We can see that the second differences i.e. Δ^{2}f(x) are constant.

- To find f(6), extra 2 (shown in red colour) is written in Δ
^{2}f(x) column. The entry in Δf(x) is 2 + 11 = 13 (shown in red colour) is added. The entry in f(x) is 13 + 38 = 51 (shown in red colour) is added. Thus f(6) = 51. - To find f(7), extra 2 (shown in green colour) is written in Δ
^{2}f(x) column. The entry in Δf(x) is 2 + 13 = 15 (shown in green colour) is added. The entry in f(x) is 15 + 51 = 66 (shown in green colour) is added. Thus f(7) = 66.

Thus 6 th and 7 th terms of series are 51 and 66 respectively.

#### Example – 8:

- Estimate f(5) from the following table.

x | 0 | 1 | 2 | 3 | 4 |

f(x) | 3 | 2 | 7 | 24 | 59 |

We prepare following forward difference table.

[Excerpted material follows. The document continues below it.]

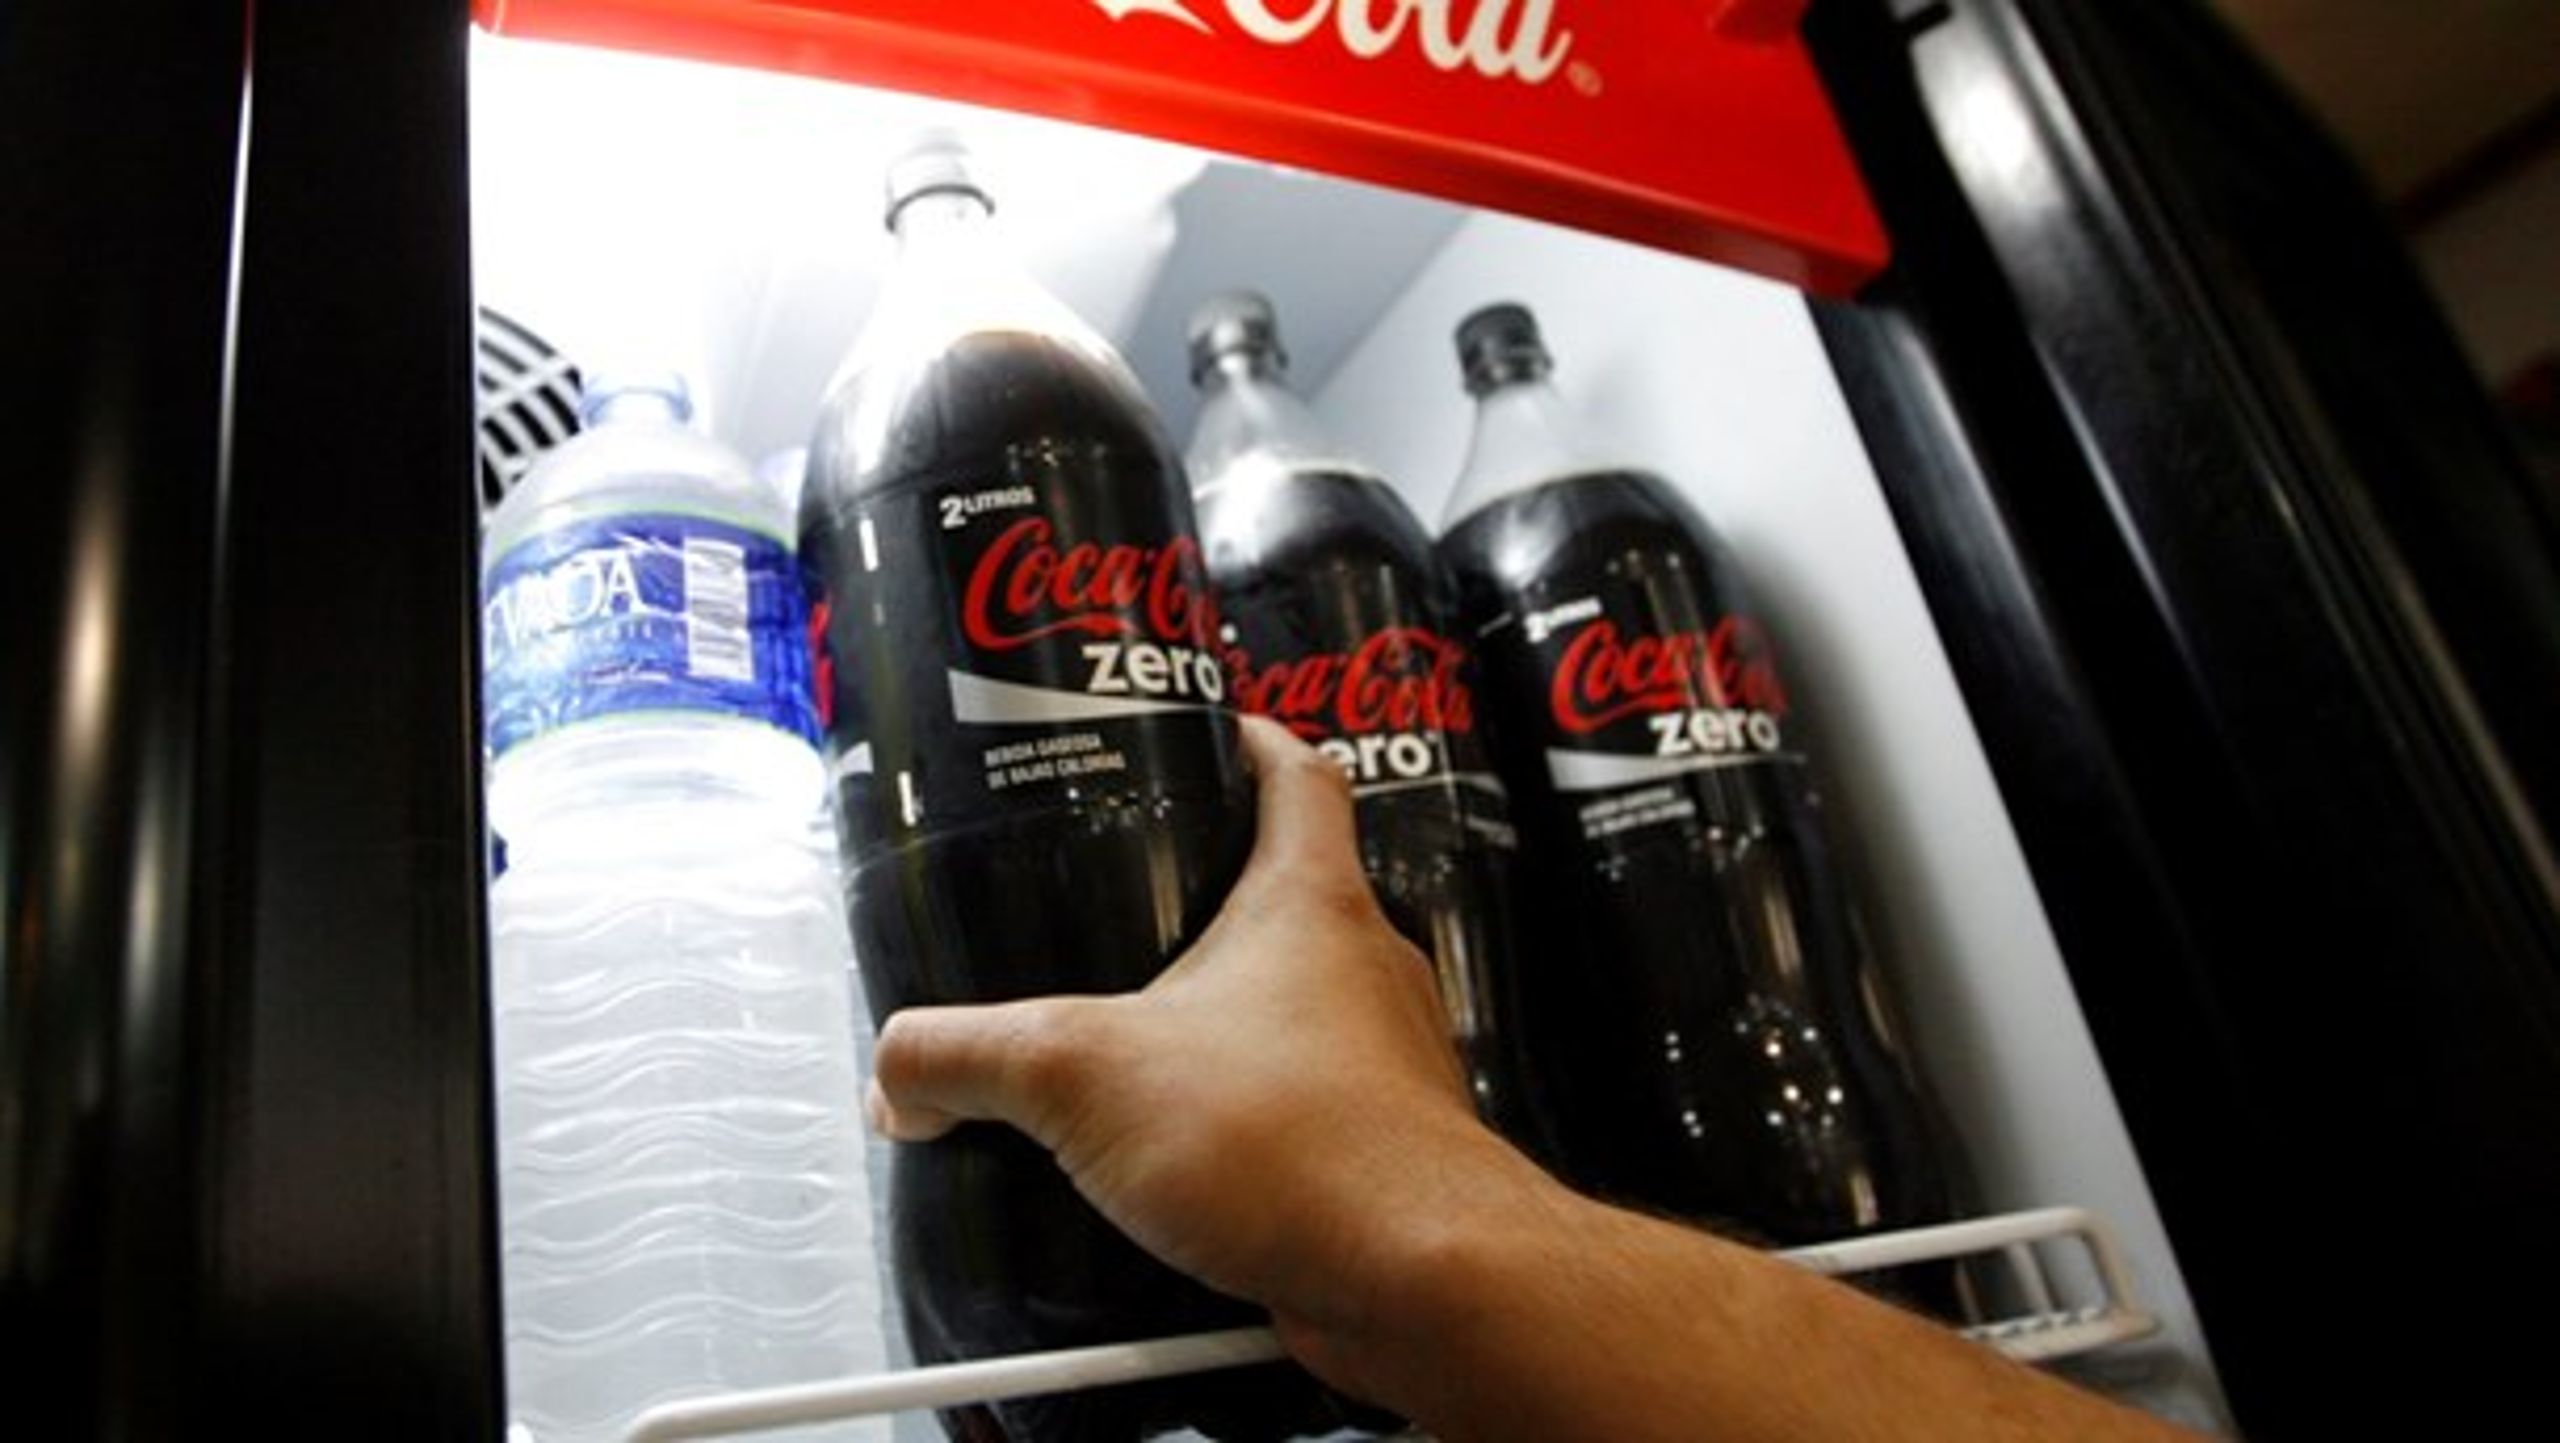 Coca-Cola Zero er et af de produkter, Reddigselv.dk benævner som decideret livstruende, fordi det indeholder aspartam. Men de to forskere, TjekDet har talt med, kan ikke genkende billedet.
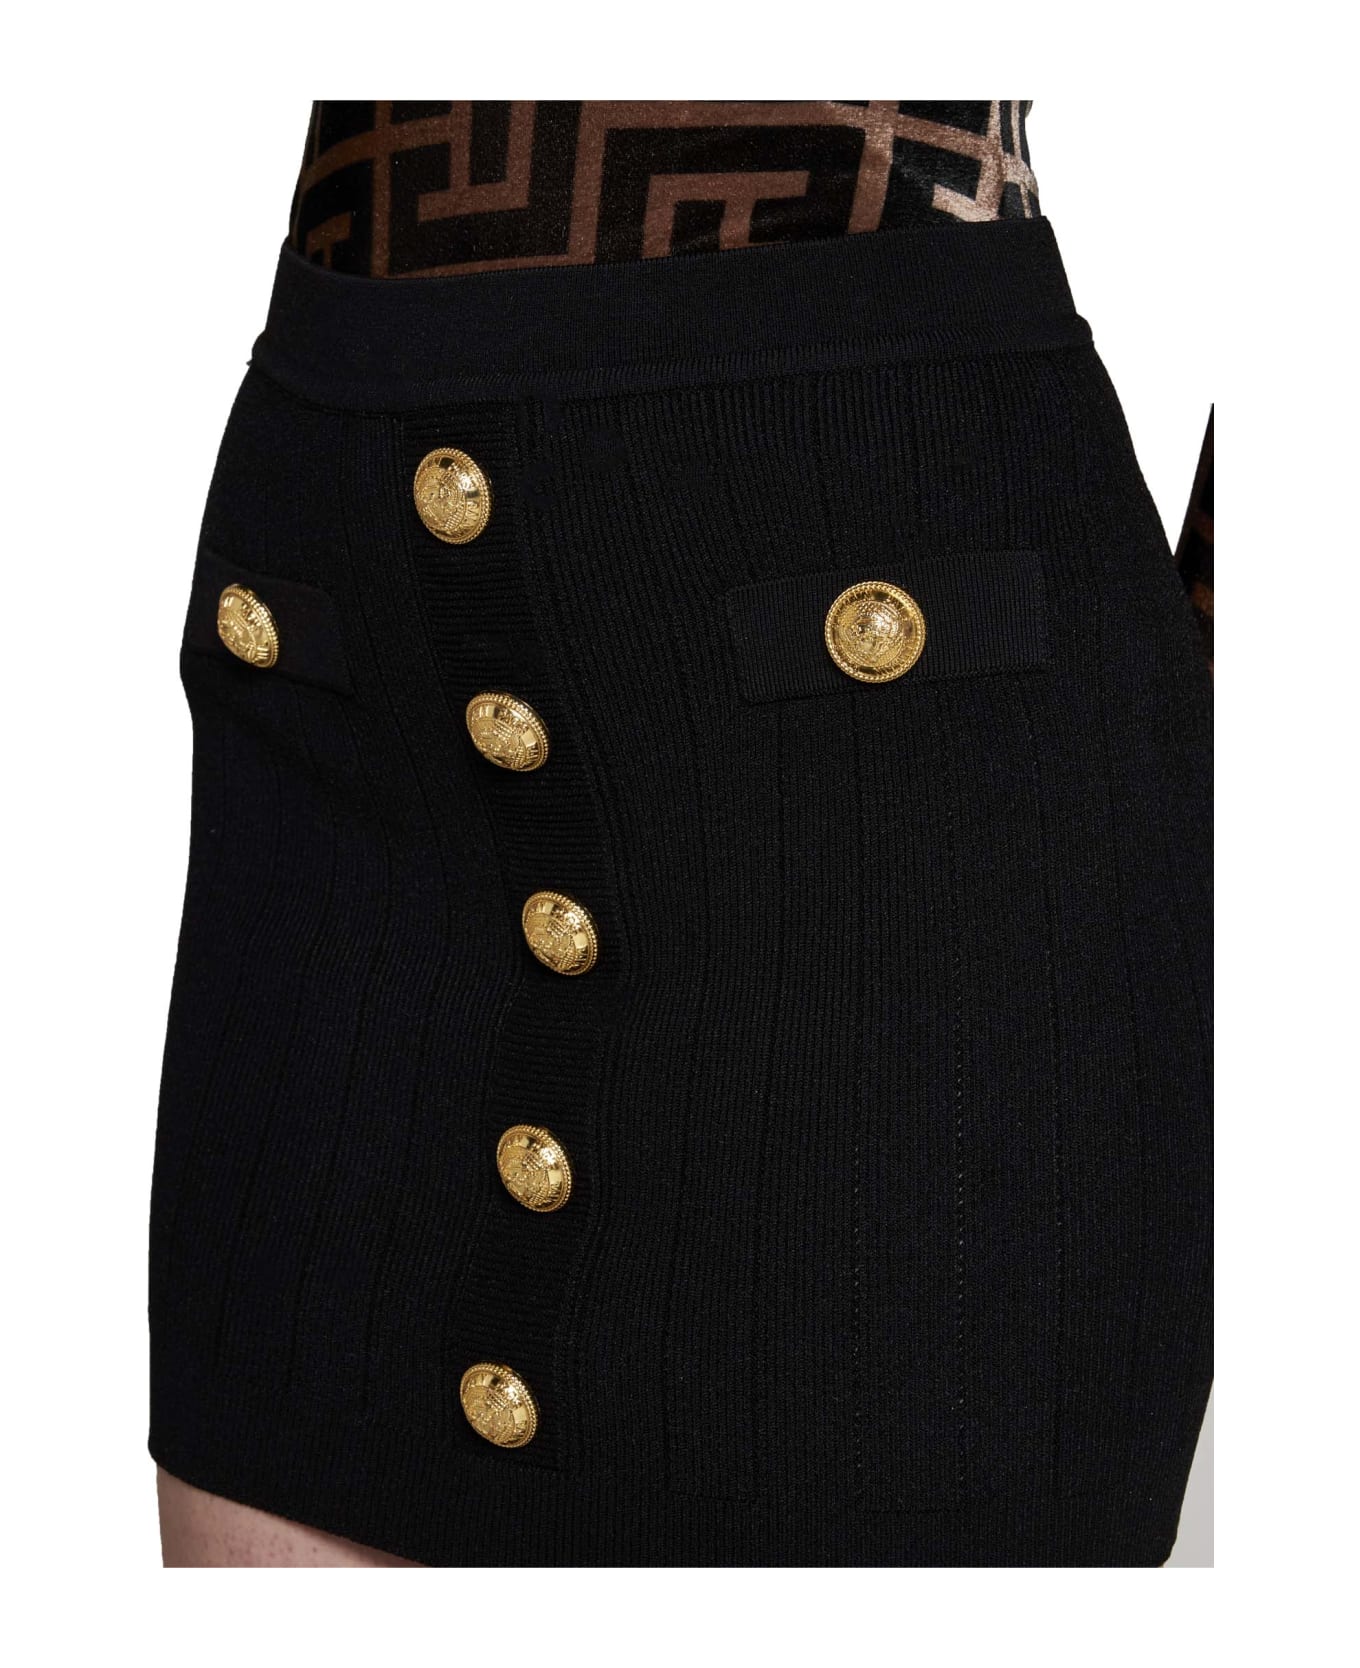 Balmain Skirt - Noir

x | f(x) | Δf(x) | Δ^{2}f(x) | Δ^{3}f(x) |

0 | 3 | |||

-1 | ||||

1 | 2 | 6 | ||

5 | 6 | |||

2 | 7 | 12 | ||

17 | 6 | |||

3 | 24 | 18 | ||

35 | 6 | |||

4 | 59 | 24 | ||

59 | ||||

5 | 118 |

We can see that the third differences i.e. Δ^{3}f(x) are constant and equals to 6.

- To find f(5), extra 6 (shown in red colour) is written in Δ
^{3}f(x) column. The entry in Δ^{2}f(x) is 6 + 18 = 24 (shown in red colour) is added. The entry in Δf(x) is 24 + 35 = 59 (shown in red colour) is added. The entry in f(x) is 59 + 59 = 118 (shown in red colour) Thus f(5) = 118.